Franz Grüter (60, bisher): «Ich will keine zubetonierte 10-Millionen-Schweiz, das masslose Bevölkerungswachstum ist für unser kleines Land gar nicht mehr verkraftbar. Das merkt jeder im Alltag: Staus, überfüllte Züge, Wohnungsnot, Probleme an den Schulen, steigende Kriminalität. Deshalb haben wir die Volksinitiative für eine nachhaltige Zuwanderung lanciert.»
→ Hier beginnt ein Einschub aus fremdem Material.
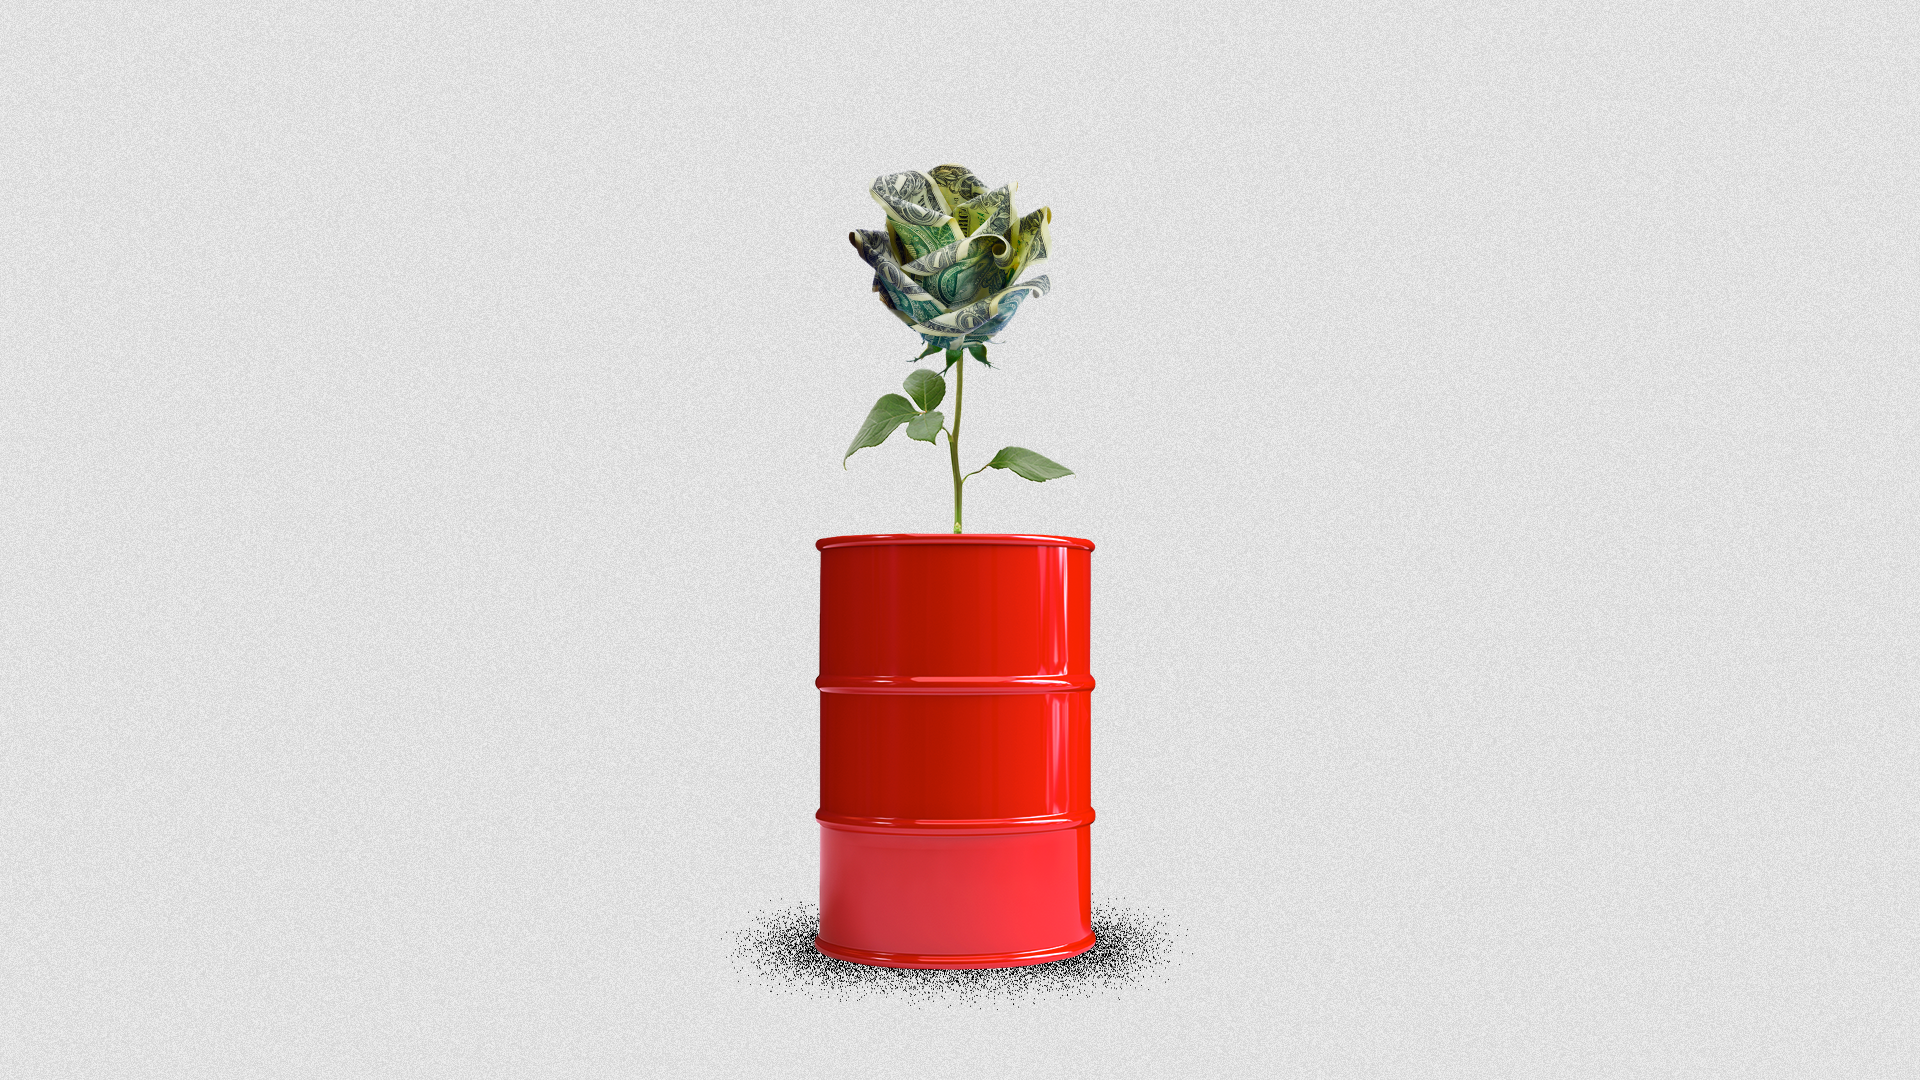 Illustration of an oil barrel with a flower made of cash growing out of it.

Dieter Haller (49, neu): «Die masslose Zuwanderung in die Schweiz ist die Hauptursache vieler Probleme. Wir kämpfen mit verstopften Verkehrssystemen, welche volkswirtschaftlich einen Schaden von Milliarden generieren, einem überlasteten Gesundheitswesen, einem Verlust unserer Kaufkraft, Wohnungsnot, Schwierigkeiten in unserer Bildung, steigender Kriminalität, Integration, aber auch einem Fachkräftemangel, welcher sich akzentuiert. Mit der Nachhaltigkeitsinitiative der SVP haben wir die Möglichkeit, die Bevölkerungsentwicklung wieder nachhaltig zu gestalten, und tragen zum Schutz unserer Umwelt und der Erhaltung unserer natürlichen Lebensgrundlagen bei.»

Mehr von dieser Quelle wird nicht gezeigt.